Sent home from Outdoor School

I am alive, but just barely.  Other than a few brief trips to the kitchen and bathroom, I spent the day in bed.  My cousin Angie called me from the front door late this afternoon, when I didn’t hear the bell ring, to say that she had left a container of soup.  By the time I got there, she was down the hall in front of the elevators.  We carried on a brief shouting conversation, so that she didn’t run the risk of getting sick from me.

Other than that hello-and-goodbye shout and a two-minute conversation with my roommate as he stood in my doorway, I have had no in-person human interaction today.  This is one of the times when I regret living so far away from my parents.  I think back to the times when I got sick like this when I was younger, and how my parents (my mom in particular) always took such good care of me.

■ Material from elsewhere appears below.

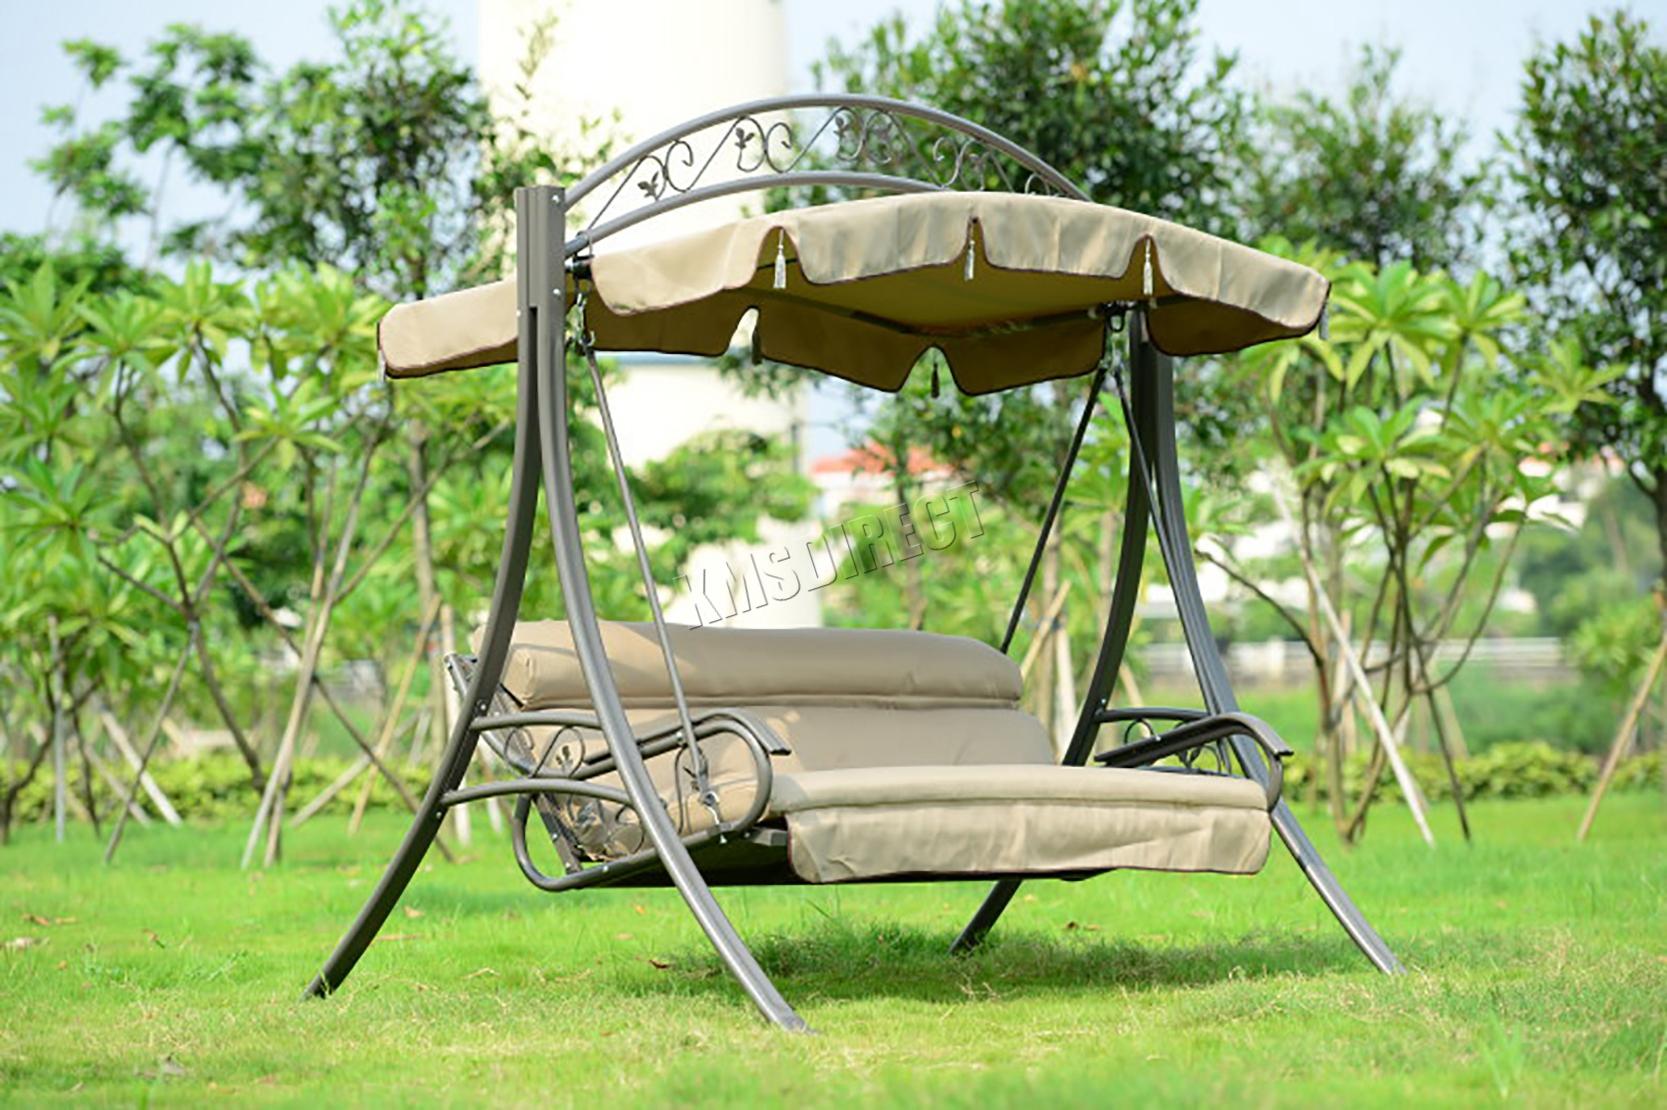 garden swing seats outdoor furniture thronefield com rh thronefield com garden swing seats outdoor furniture b&q garden swing seats outdoor furniture the range

When I was in middle school, the Portland Public Schools ran a thing called Outdoor School (I think it still exists in some configuration, although budget cuts have curtailed it’s effects somewhat).  Every sixth grader in the district would spend a week at a camp in either the fall or the spring, learning about soil and water and plants and animals.  High school students, although with a small team of professional camp counselors/educators (my sister was one of these folks for a time after high school) would teach the kids all about the being kind to the environment.

When I went to Outdoor School, I got sick on the third day and my mom had to drive out and pick me up.  I had a raging fever, a sore throat and a nasty cough.  After she claimed me from the nurse’s office and evaluated my tempurature with her experienced mom hands, she helped me tip my car seat back so that I was almost reclining.  She stopped at a convenience store on the way home to buy me a popsicle to numb my throat a bit, a rare and deeply exciting treat.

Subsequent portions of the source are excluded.